We now find ourselves in a world dominated not by fears of global catastrophe, but, rather, by fears of nuclear terrorism or small-scale nuclear war between minor nuclear powers. It remains to be seen how and to what extent nuclear weapons will shape the geopolitical balance and social consciousness around the world.

P. ANDREW KARAM

Further Reading

Books

McPhee, John. The Curve of Binding Energy. New York: Noonday Press, 1994.

Rhodes, Richard. Dark Sun: The Making of the HydrogenBomb. New York: Simon and Schuster, 1995.

Rhodes, Richard. The Making of the Atomic Bomb. New York: Simon and Schuster, 1986.

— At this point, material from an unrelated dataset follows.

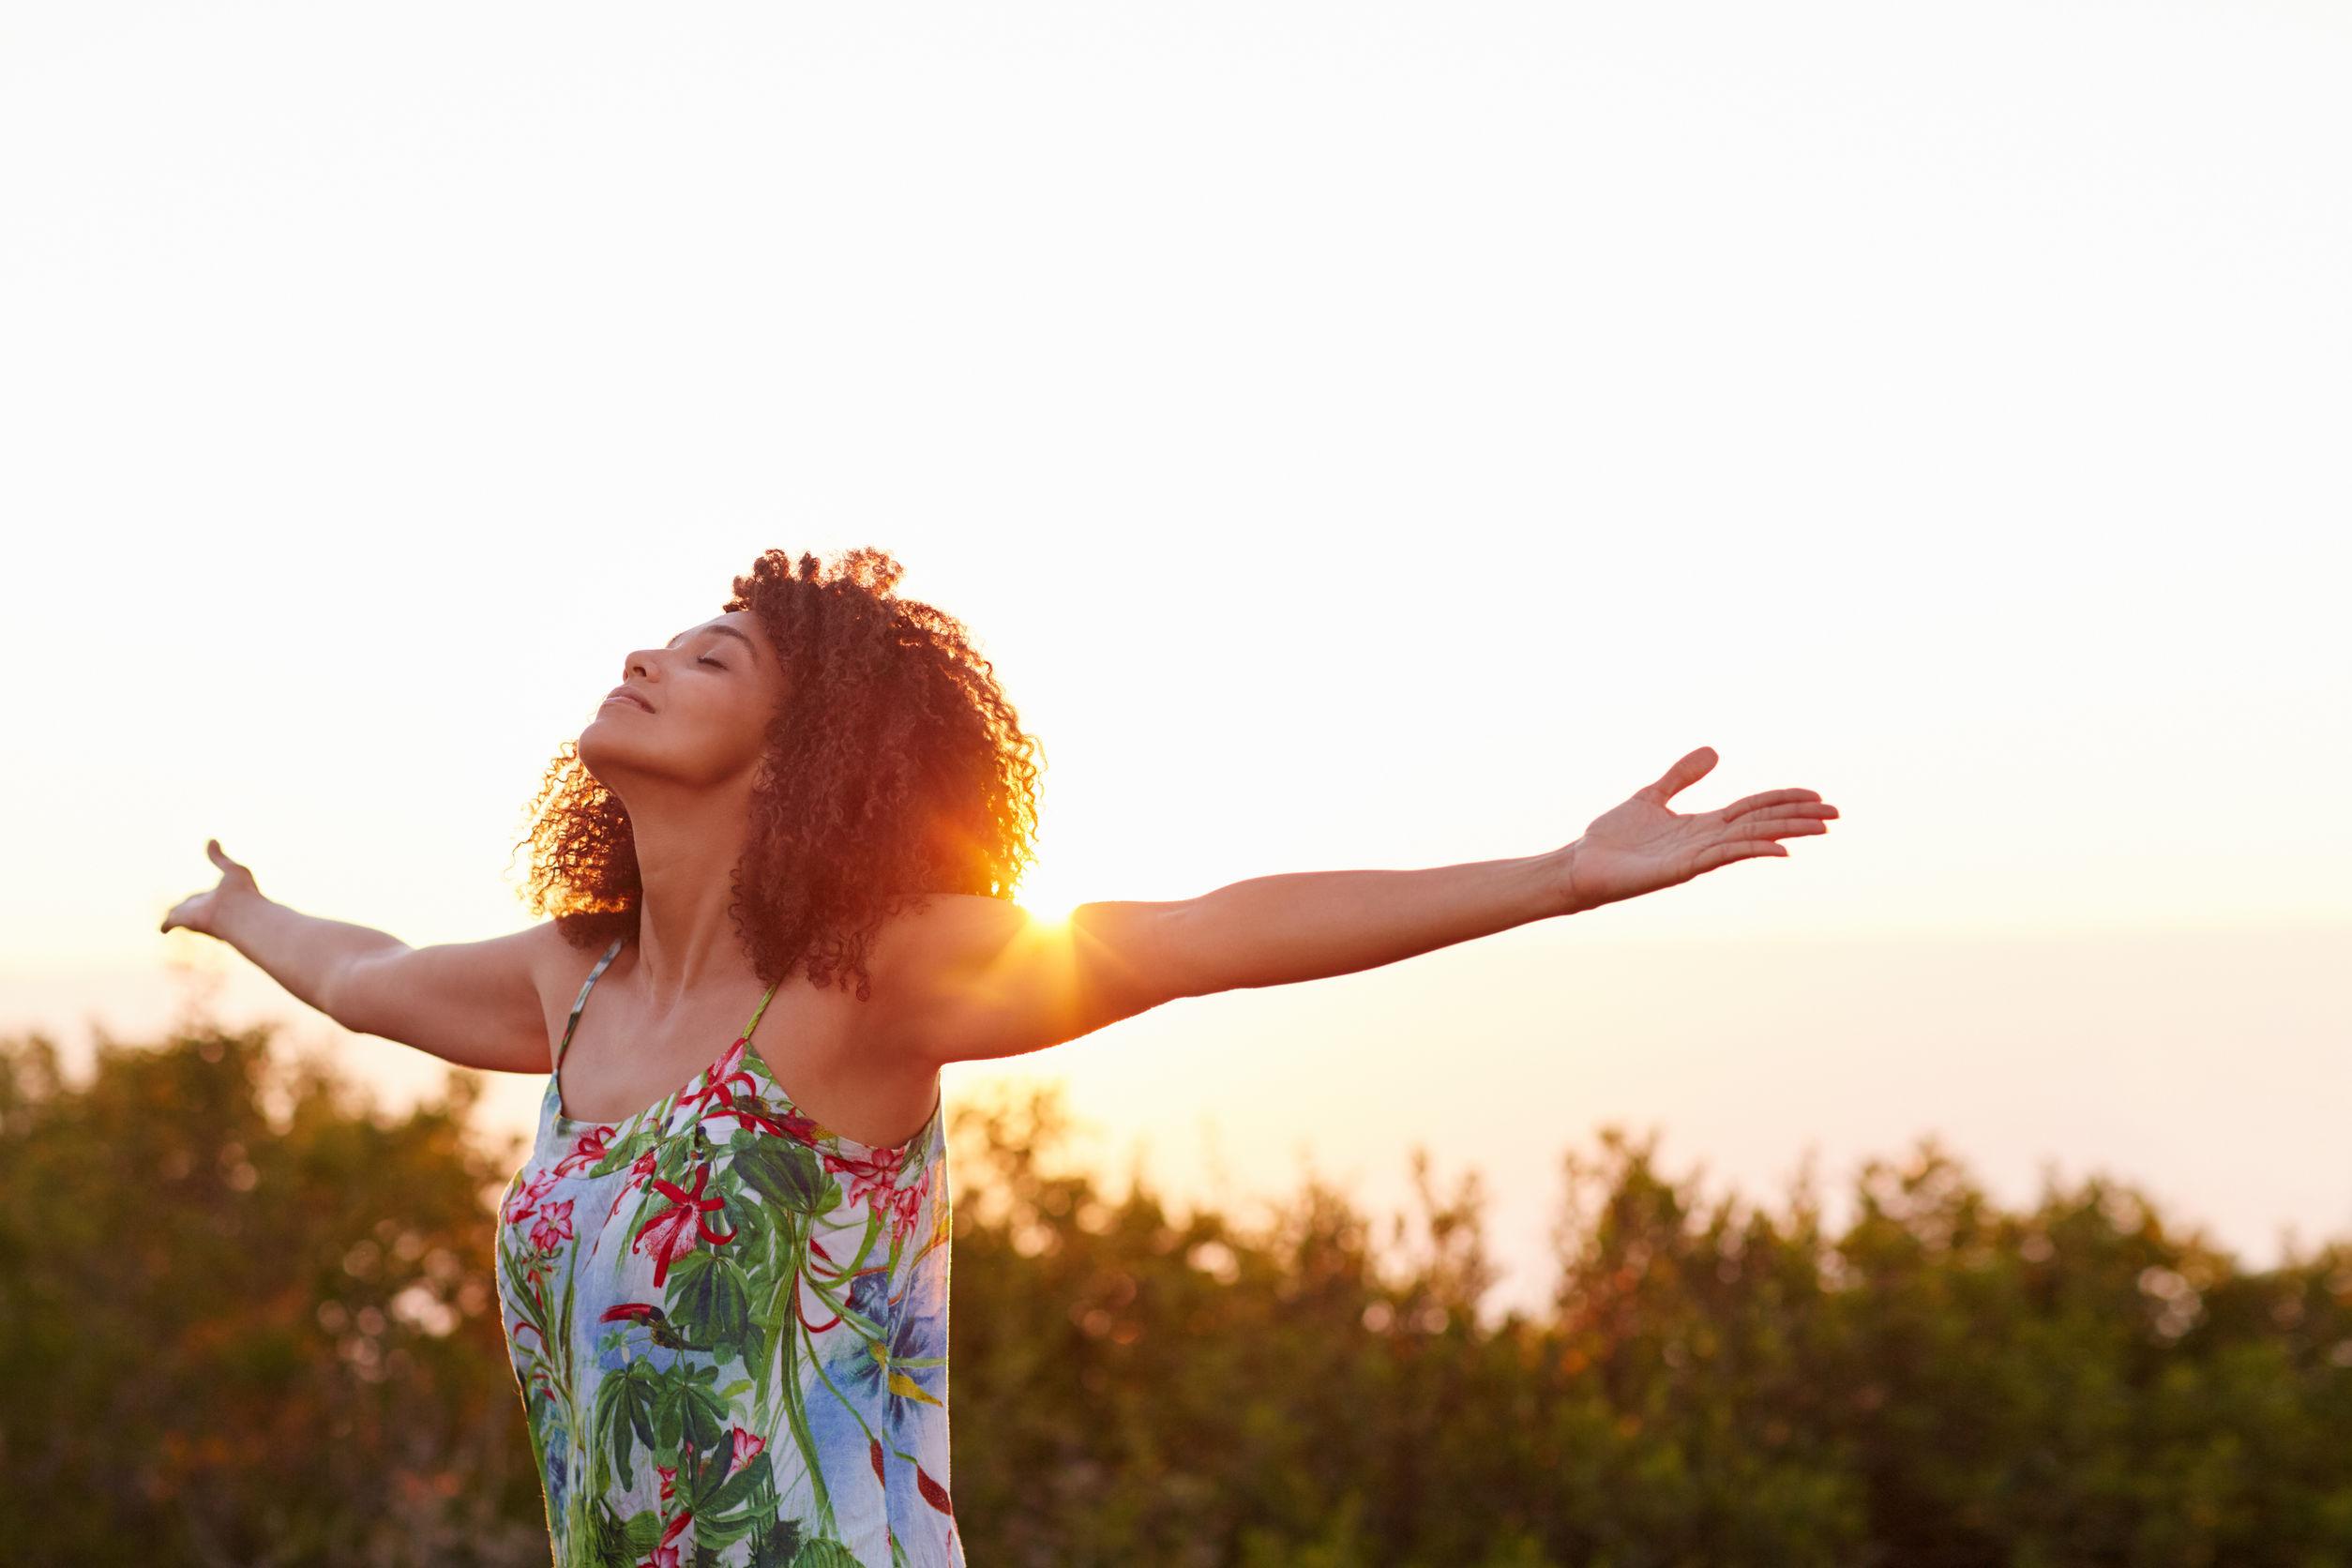 The Practice of Gratitude

Serber, Robert. The Los Alamos Primer: The First Lectures on How to Build an Atomic Bomb. Berkeley: University of California Press, 1992.

Other

Trinity and Beyond. 1997. Goldhill Videos. Videocassette.


THE DISCOVERY OF GAMMA RAY BURSTS

In an effort to better monitor nuclear weapons testing by the Soviet Union in the early 1960s, the United States began sending satellites into orbit that could detect gamma rays given off by nuclear reactions in atomic bombs. In conjunction with seismic readings obtained from stations built to detect atomic explosions, the satellites would let the United States know if the Soviet Union was testing weapons larger than allowed by treaty.

Shortly after being activated, these satellites, code named Vela, began detecting gamma ray bursts (GRBs). However, these bursts were not associated with any seismic events that resembled nuclear detonations, and the characteristics of the burst were far different than those expected from nuclear weapons tests. Scientists finally decided that these bursts of gamma rays had to come from space, since there was no reasonable terrestrial source. Since the Vela program was top secret this information was not released to the scientific community for many years.

Eventually, these gamma ray bursts were discovered by other scientists, who launched their own studies to investigate them. Although a number of theories were floated, in the late 1990s the riddle began to be solved. Astronomers now believe that GRBs are caused by an extreme class of supernovae at faraway points in the galaxy. Because they are detectable at great distances across most of the observable universe, they may also be the most energetic events known to occur.